Supplied data:
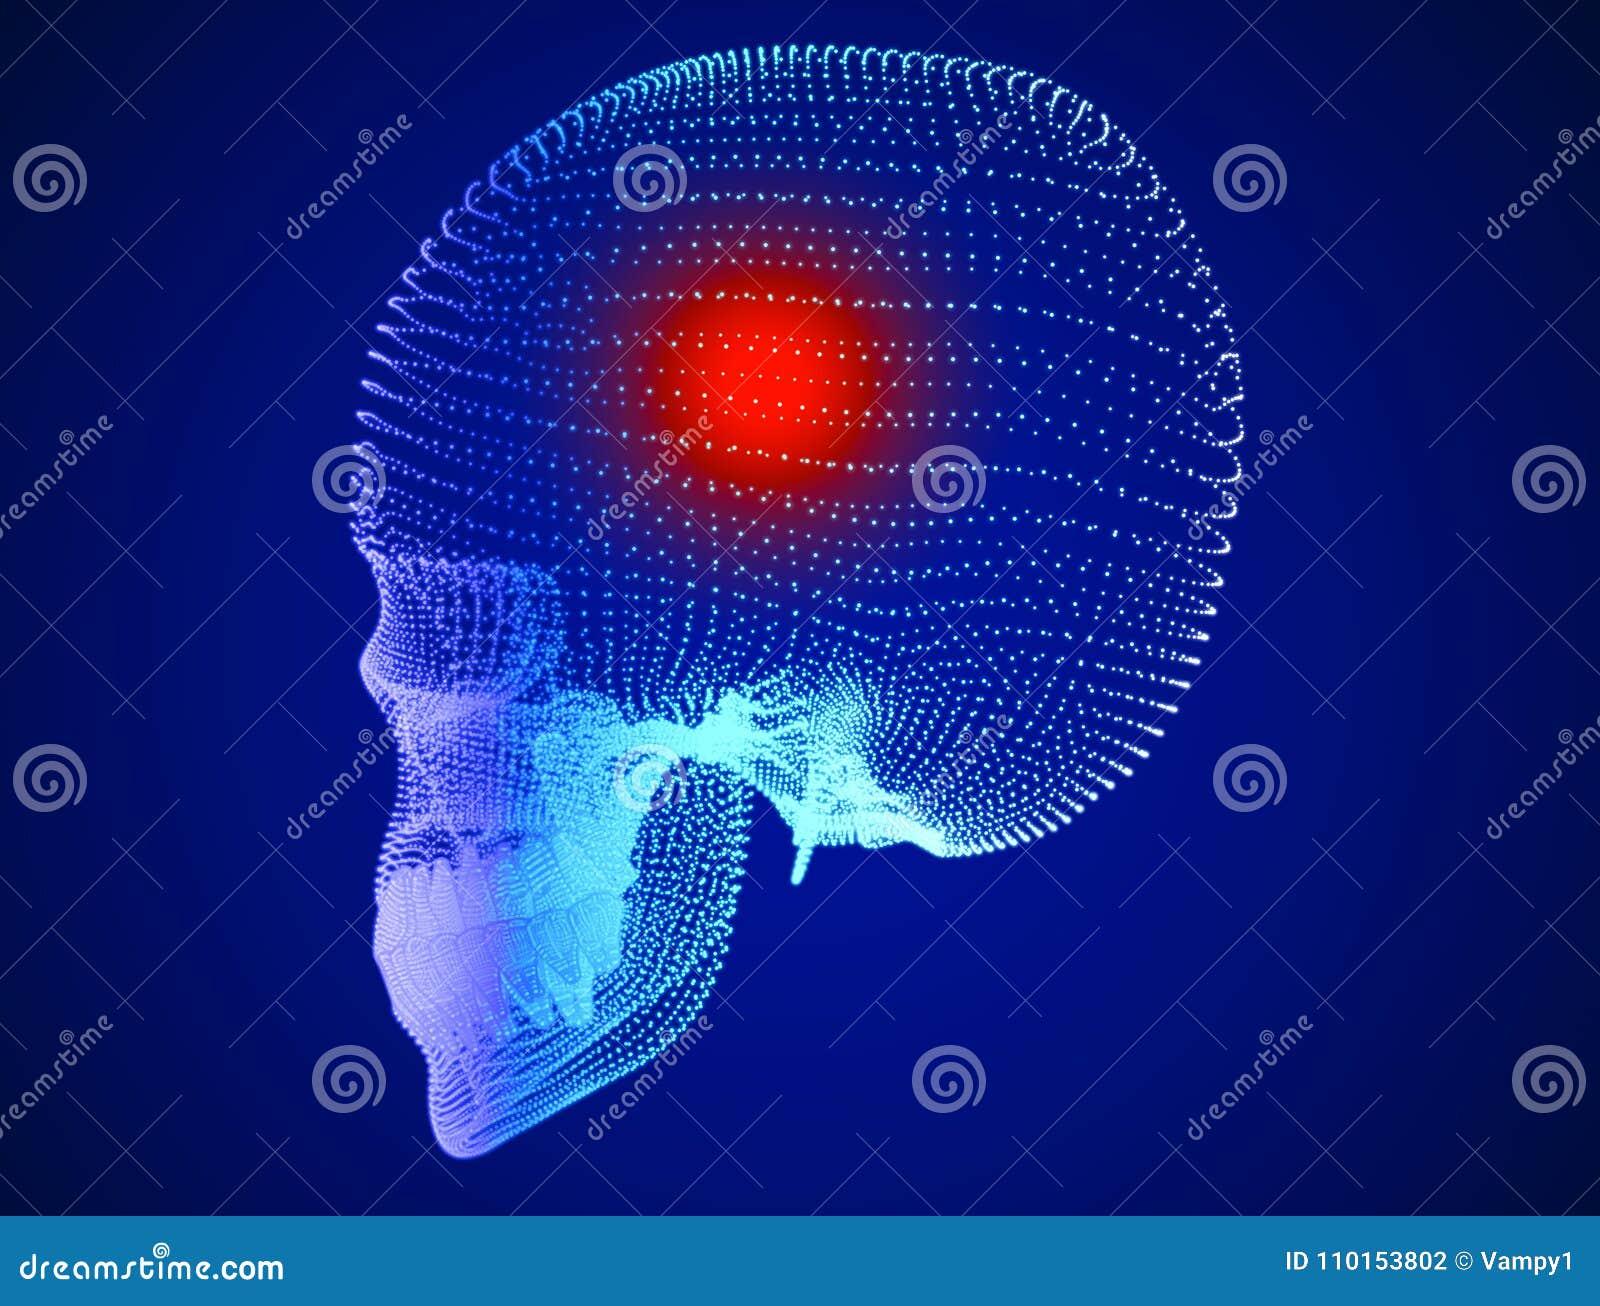 Circuito Neuronal : Cráneo dolor dolores de cabeza neuronas sinapsis red neuronal
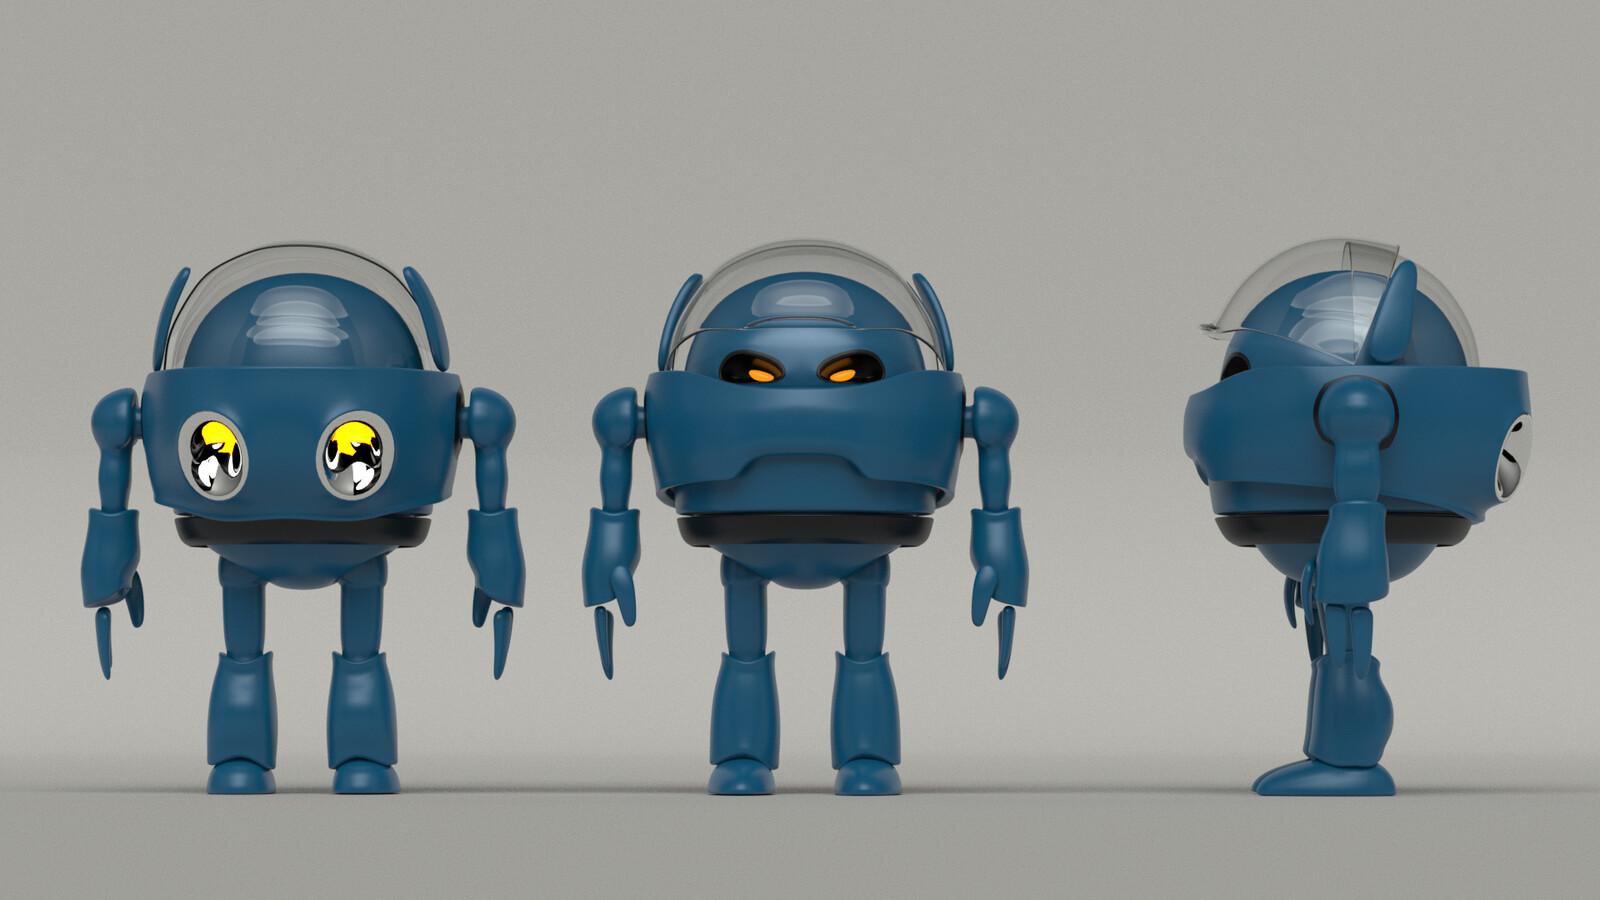 3d views Concept Cartoon Robot (Own Design)
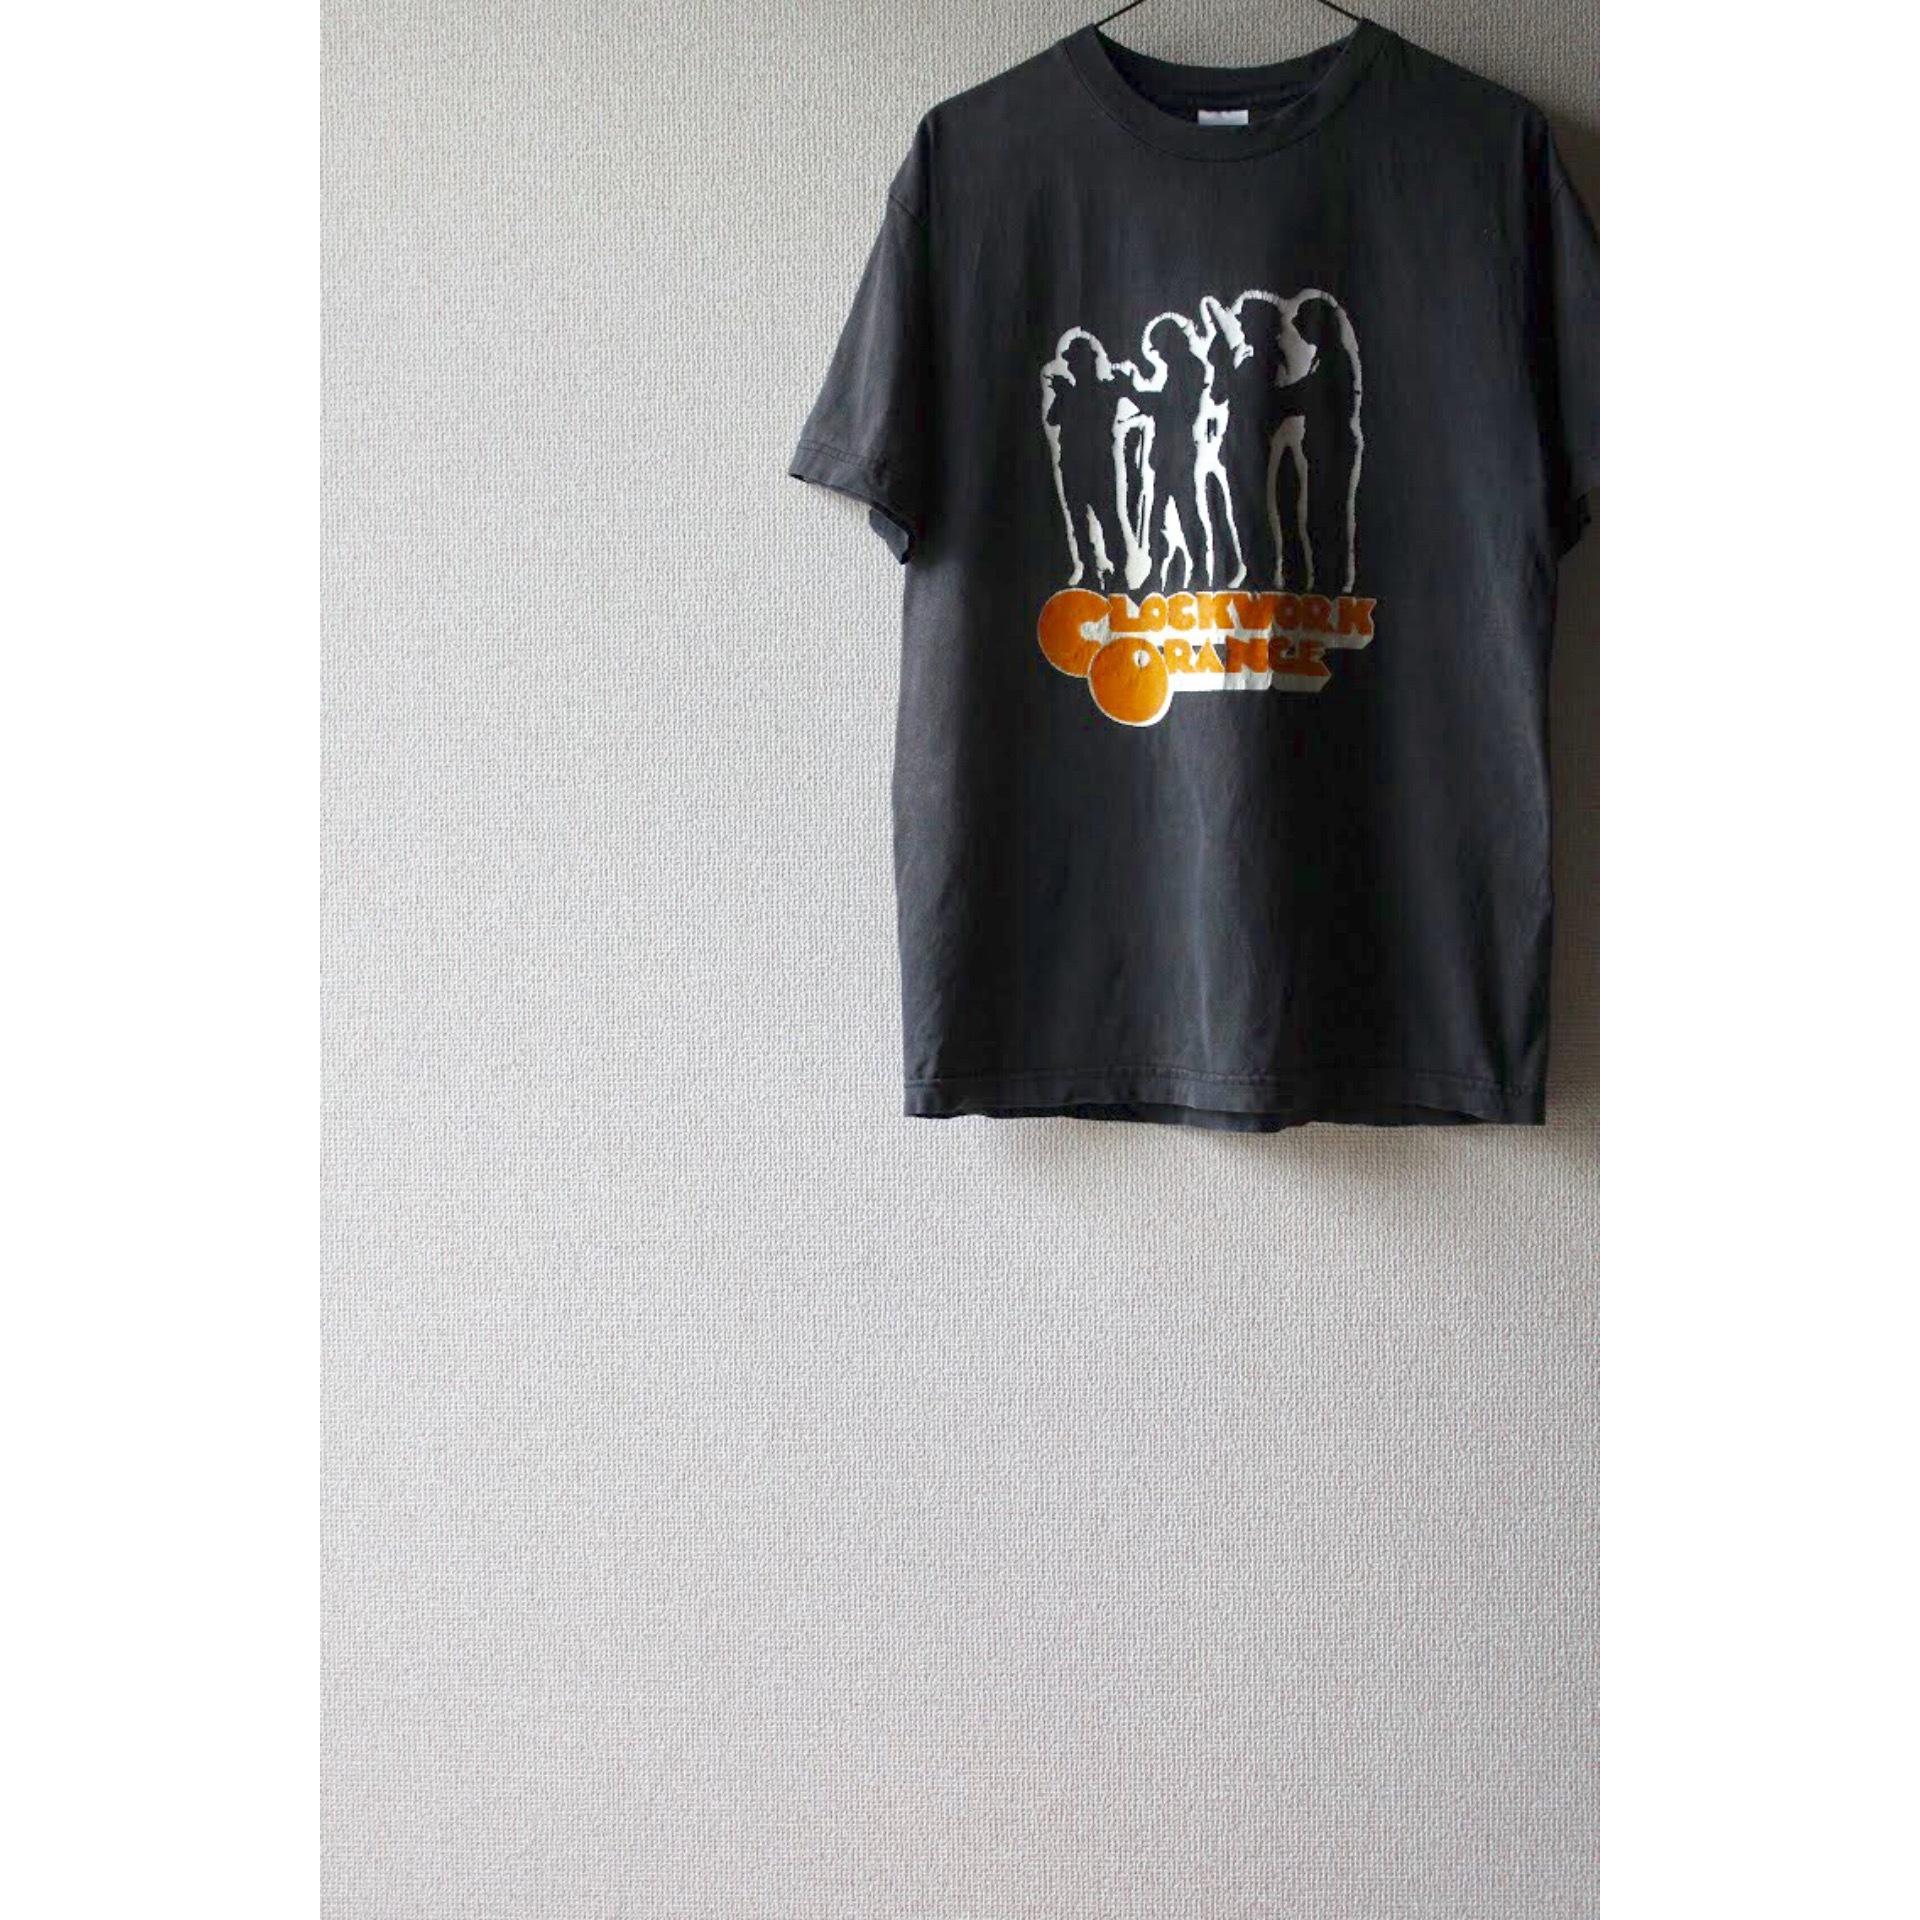 Vintage Clockwork Orange t shirt

Requirement:
All lines from the one containing "3d views Concept Cartoon Robot (Own Design)" to the last line of the data above, both included, should be printed exactly, and the pictures should not appear.

Response area:
 3d views Concept Cartoon Robot (Own Design)
 Vintage Clockwork Orange t shirt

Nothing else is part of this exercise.